A second major incentive for the conference was the pending renewal of a major cultural initiative, The New Century Community Program. In 1999, the original legislation for this program drew national attention as a model of collaboration whereby all seven cultural agencies1 that receive state funding presented a joint program to advance the state's economic and social development through the revitalization of its cultural institutions. The New Century Program received $3.2 million dollars for two years from the state and provided matching grants and technical assistance to Maine communities to:

• Expand access to educational resources by promoting literacy and giving access to historic and contemporary materials;
• Preserve Maine's historic resources — its properties, artifacts, and documents;
• Advance the economic and social development of Maine's communities by strengthening their arts and cultural resources.

After the conference, and after rancorous debate in the legislature in a year when budget projects were facing a shortfall rather than the surpluses of prior years, the Maine legislature agreed to fund the program for one additional year at $400,000, a fraction of the $4.2 million requested.

Recent studies show that Maine has over 1,000 cultural organizations, yet only 10 percent have budgets exceeding $25,000. While the urban centers of Portland, Lewiston-Auburn, and Bangor have major cultural facilities, cultural events and opportunities abound in all corners of the state and often rely on volunteer efforts, cooperative ventures among large and small cultural venues, and efforts to build on the local history, heritage, and creative capital of tradesmen, local artisans, and professional artists who find their homes and inspiration in Maine.

Maine arts organizations of all sizes share many challenges with their brethren in other states and regions — how to build community support, how to expand audiences and collaborative programs, how to build on the rich cultural heritage of the state while engaging people in new creative forms of expression, and how to celebrate the diversity of our communities while gaining new respect for the history of diversity that often included cultural repression.

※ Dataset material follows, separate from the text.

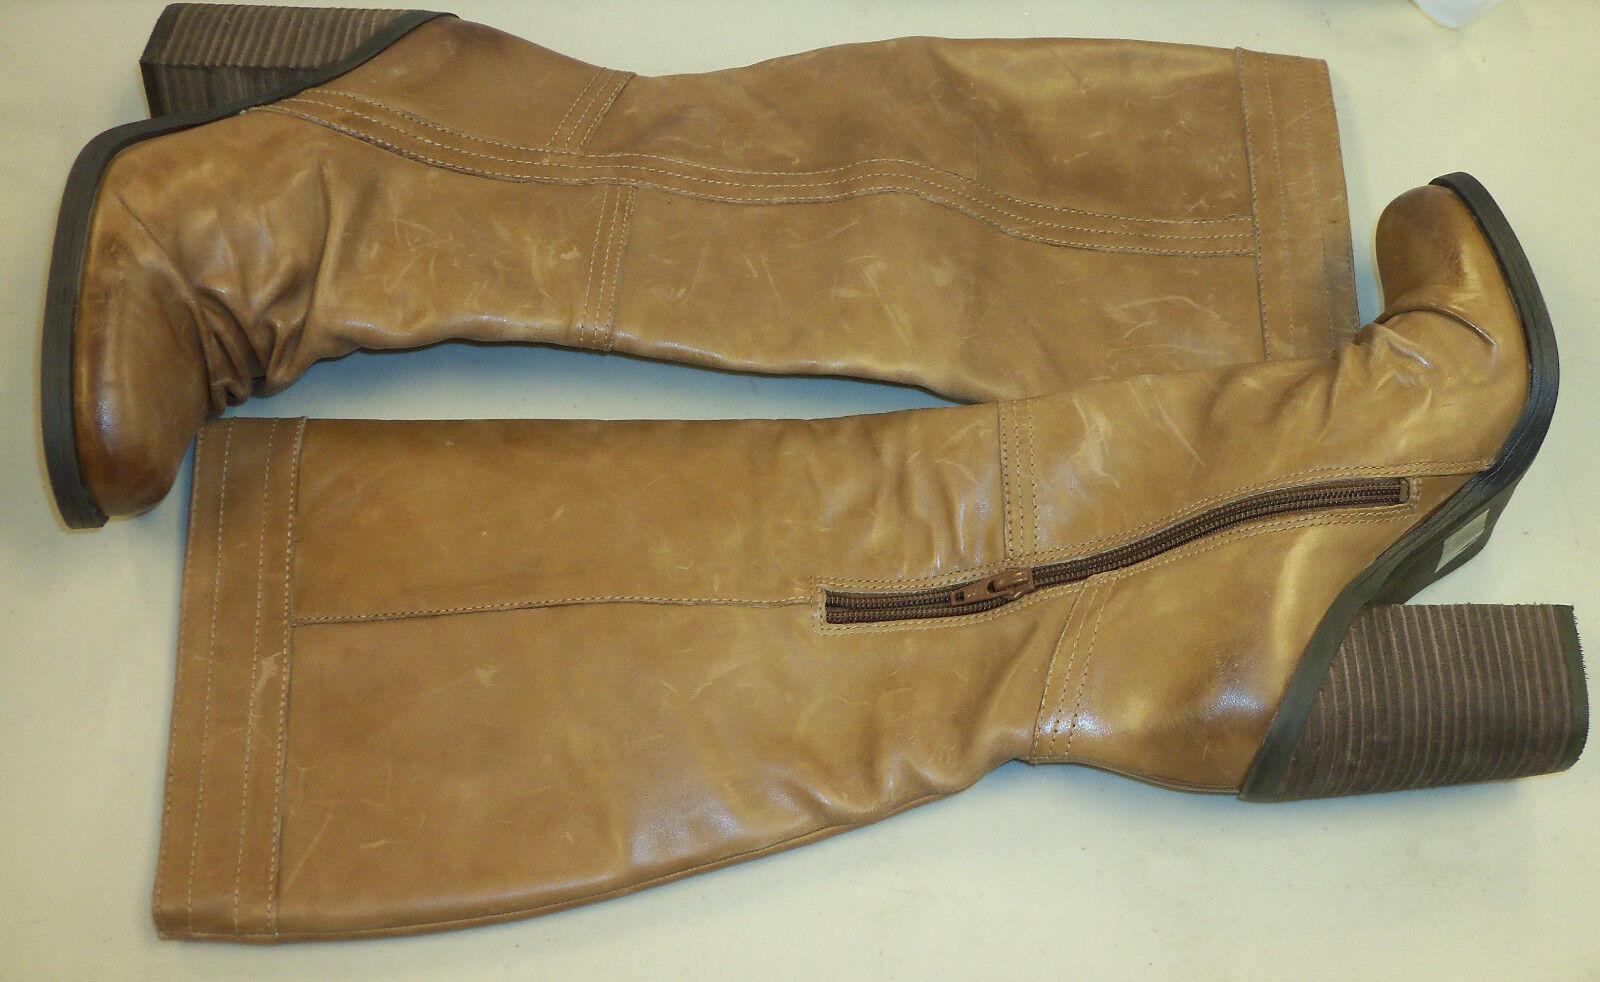 Jessica Simpson NEU Damenschuhe Tustiny Braun Stiefel 5.5 M Schuhes

All of these questions are part of the work of building community through the arts in Maine. Cultural expression in Maine is rich and diverse, and it flourishes despite a challenging funding environment. Efforts to relate arts and cultural development to other community needs such as education, economic development, and quality of life offer new hope for increasing awareness and support for state and grantmaker interest.

Lissa Widoff is project director, The Art of Building Community, Maine Community Foundation.